Reproduce the line with "Rete Italia APS" and everything after it in the listing below, exactly, both ends included. No pictures.
--- DATA SECTION Enclosed Below ---
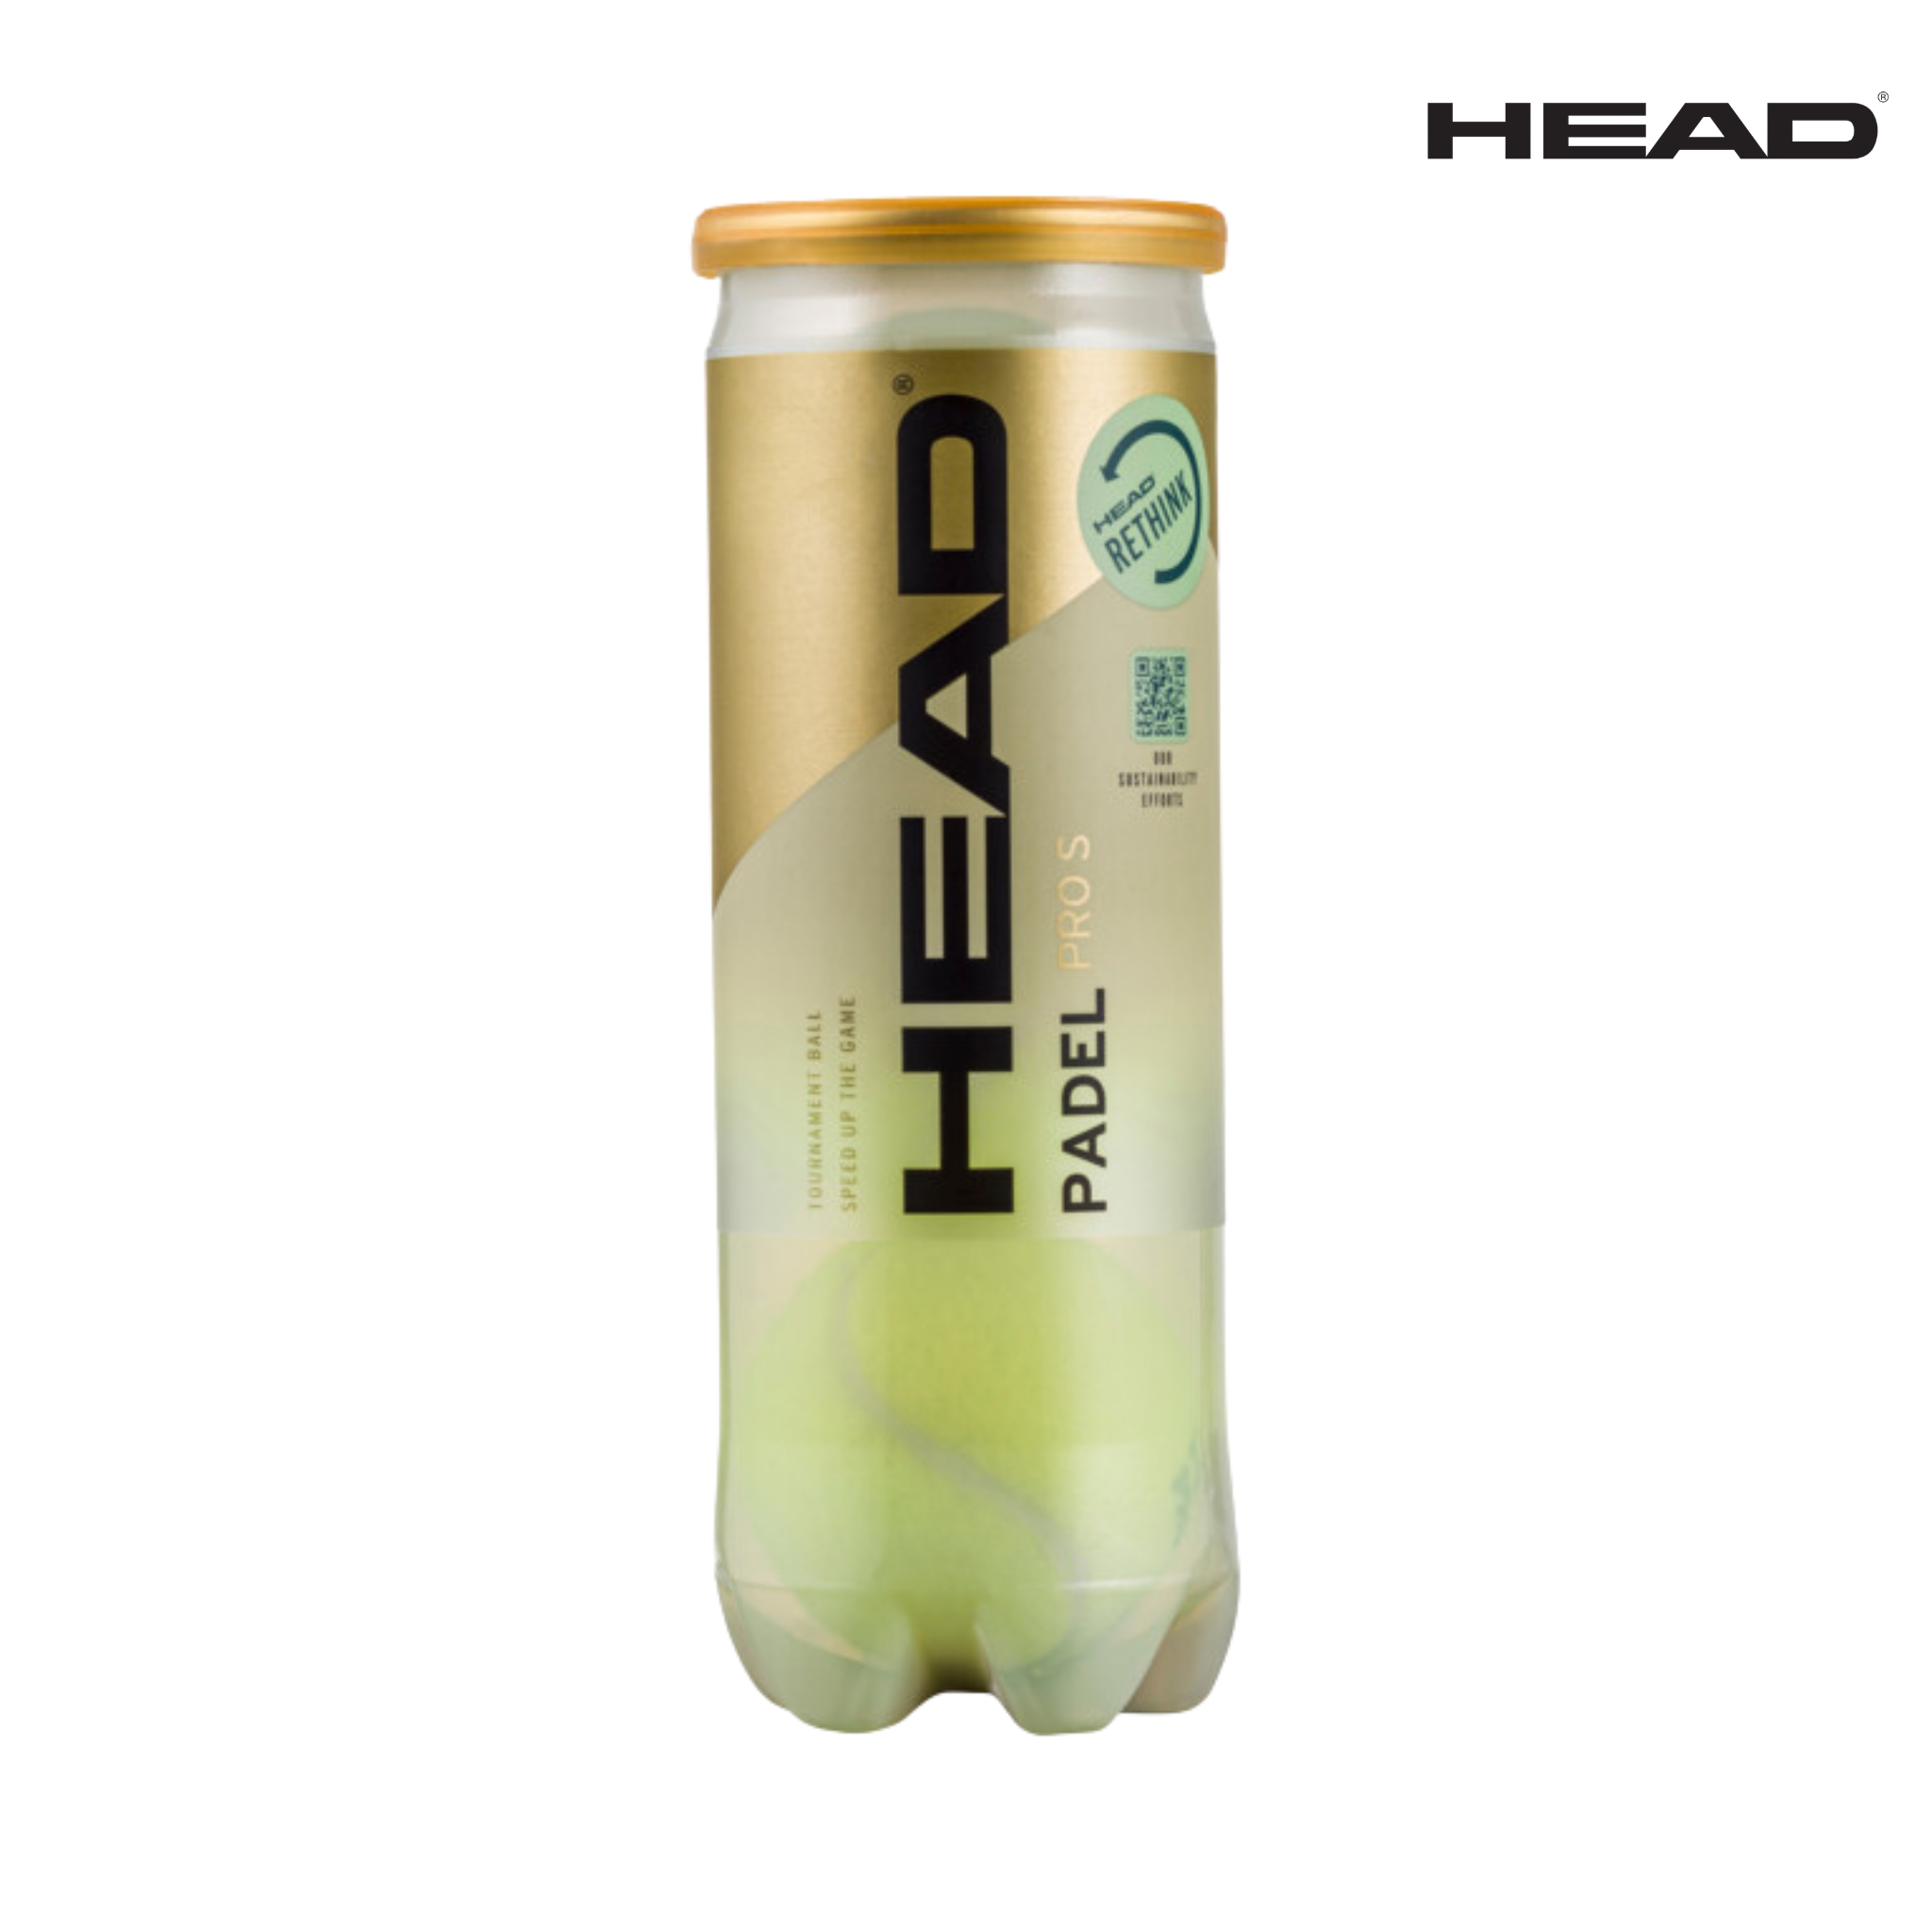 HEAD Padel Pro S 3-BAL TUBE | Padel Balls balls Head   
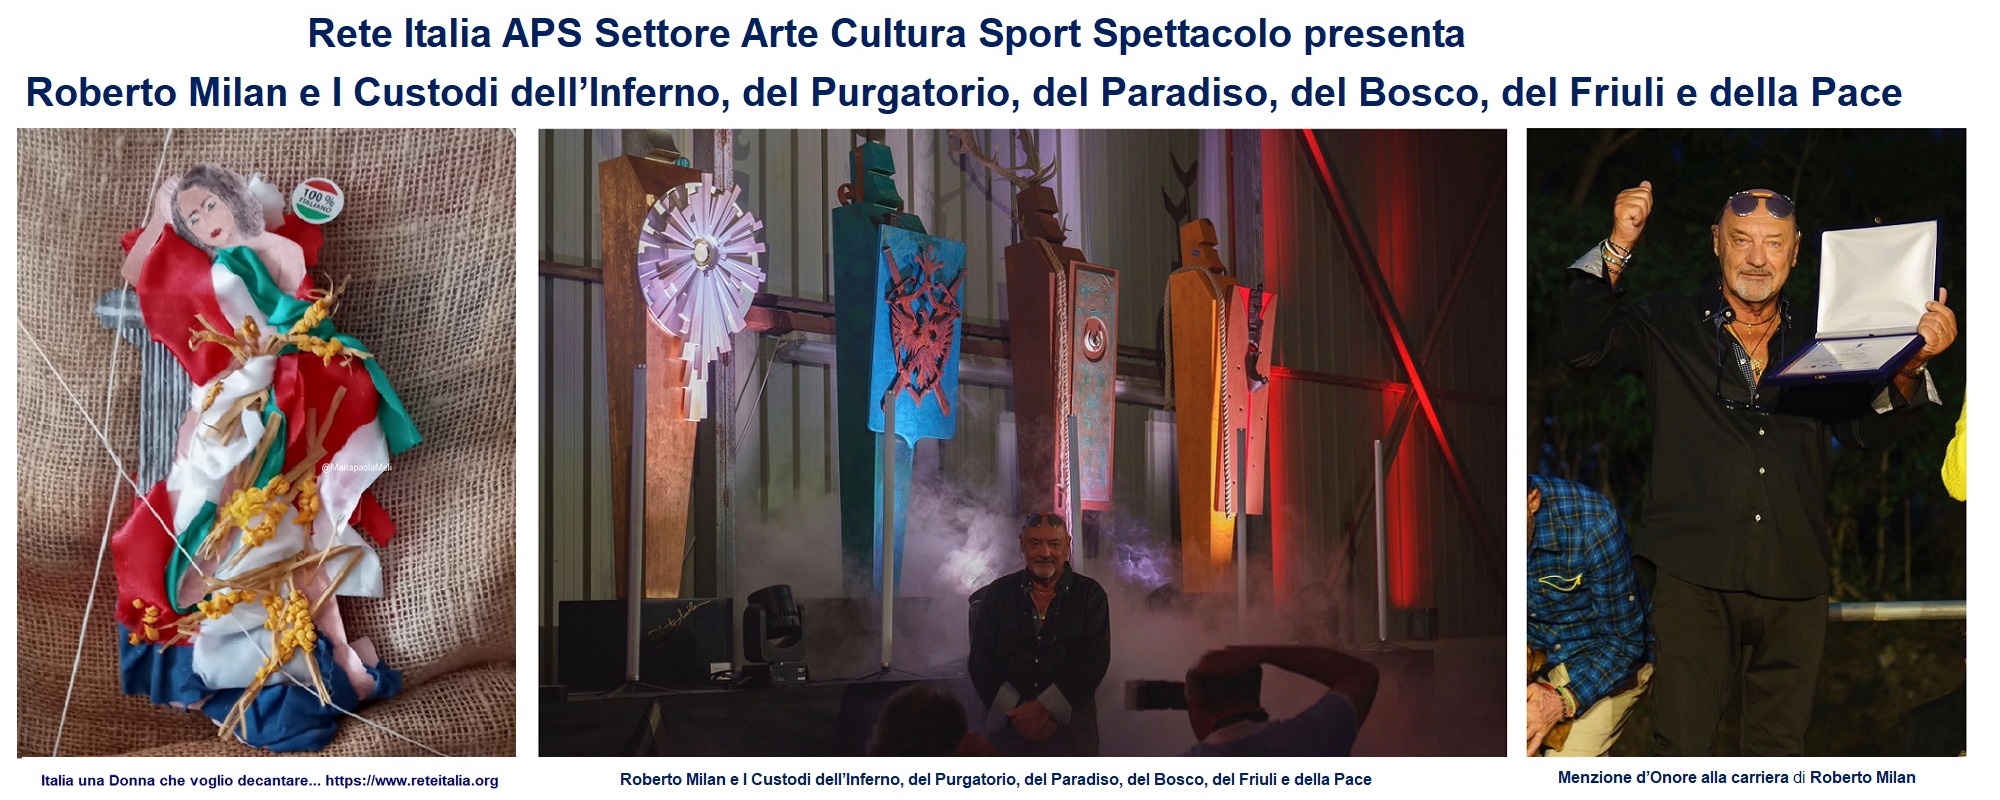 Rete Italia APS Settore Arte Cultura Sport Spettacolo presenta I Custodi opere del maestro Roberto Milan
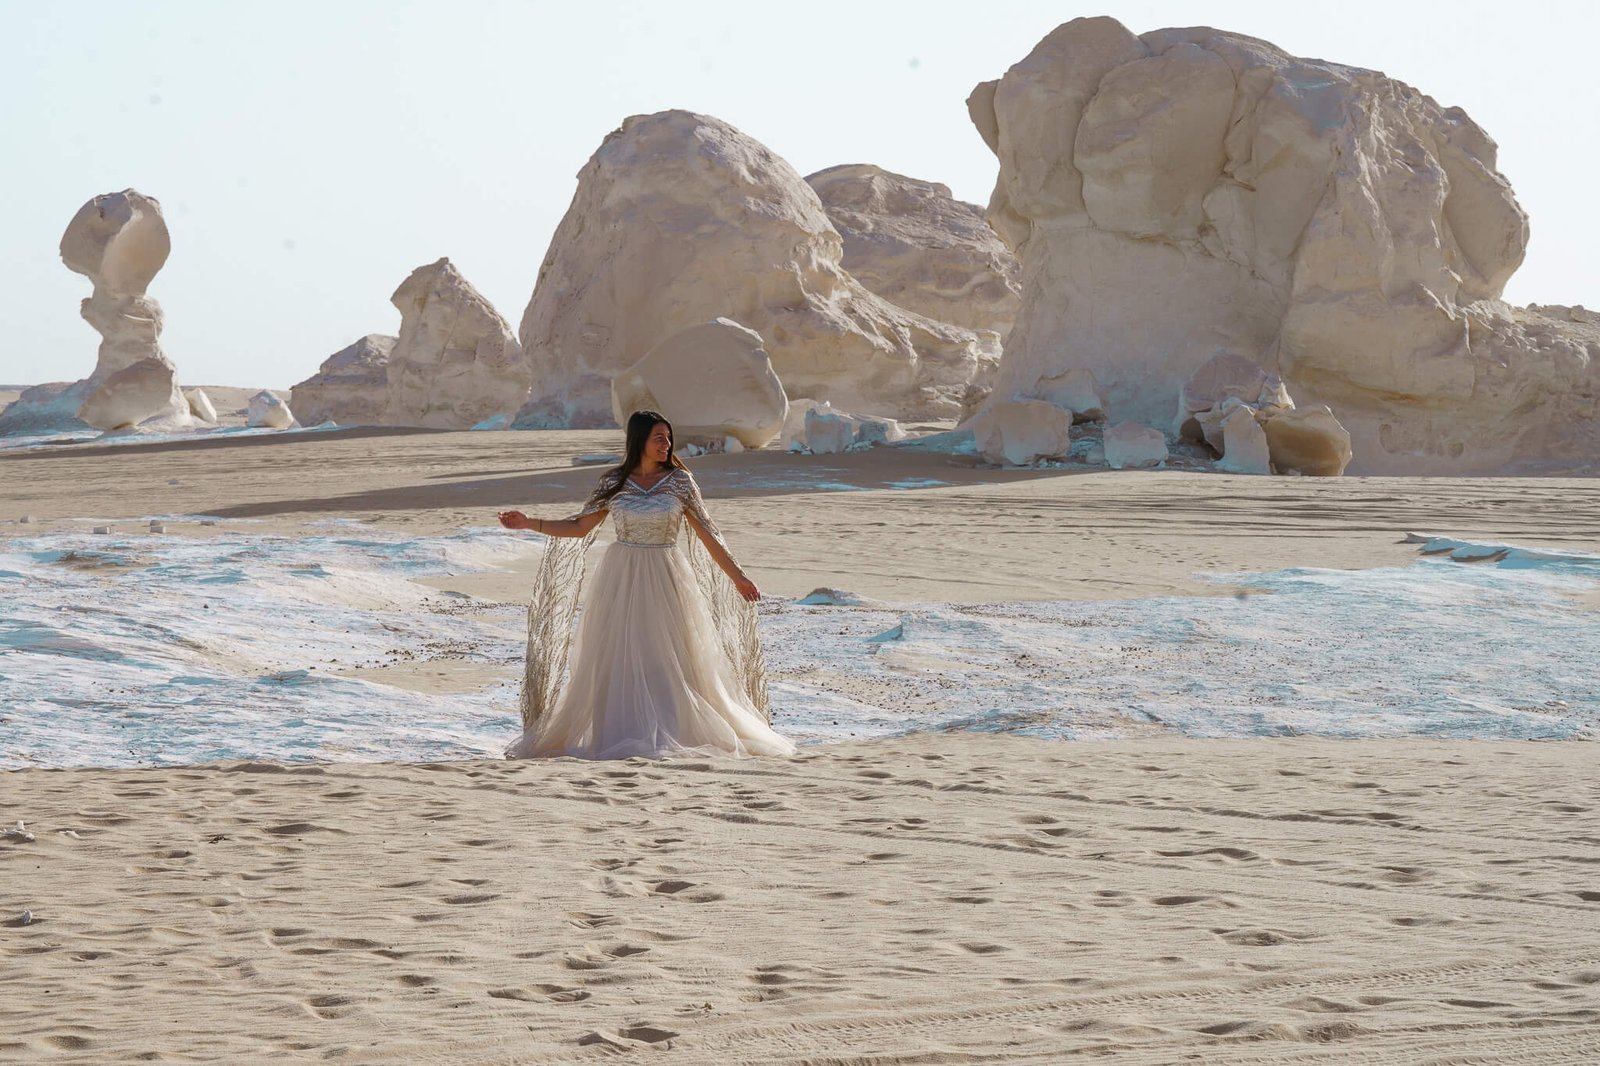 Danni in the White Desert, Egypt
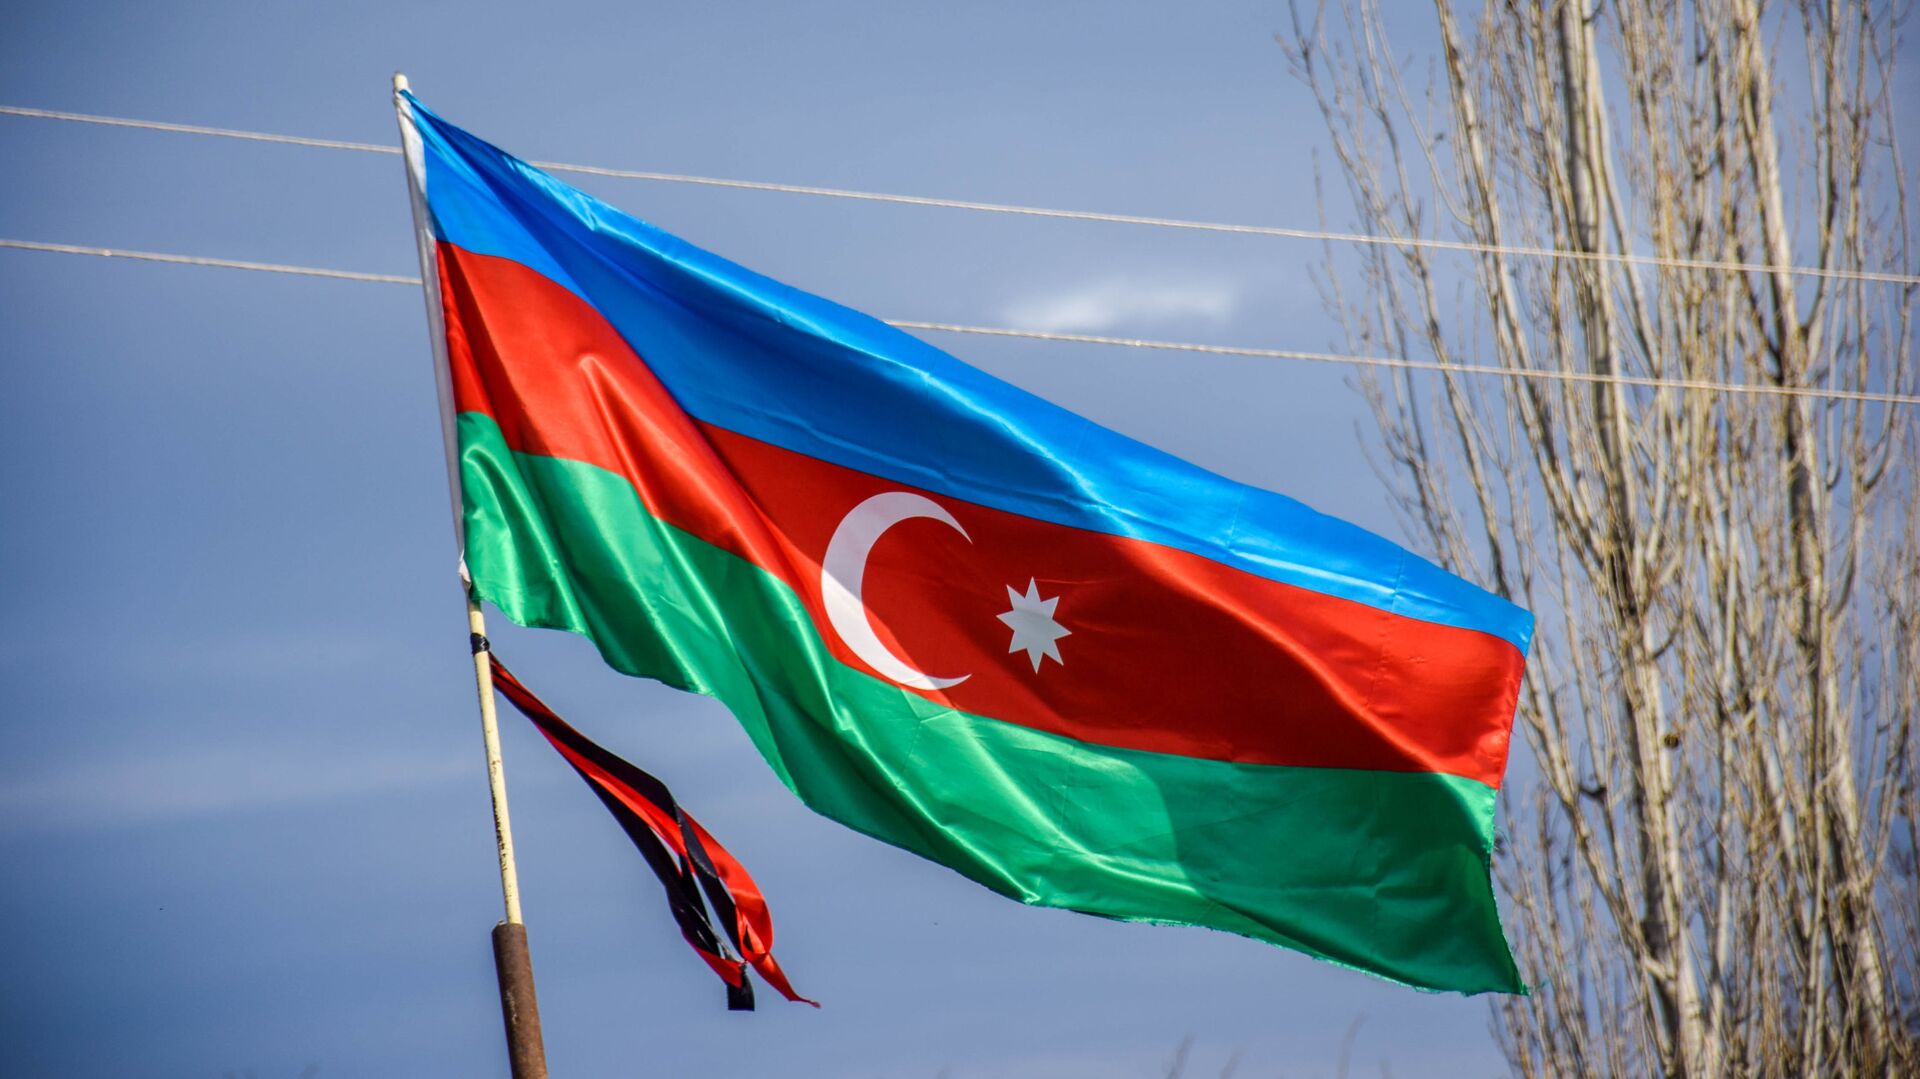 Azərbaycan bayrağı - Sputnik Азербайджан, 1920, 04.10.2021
--- End of Enclosed DATA SECTION ---
_EXERCISE SOLUTION_.
 Rete Italia APS Settore Arte Cultura Sport Spettacolo presenta I Custodi opere del maestro Roberto Milan
 Danni in the White Desert, Egypt
 Azərbaycan bayrağı - Sputnik Азербайджан, 1920, 04.10.2021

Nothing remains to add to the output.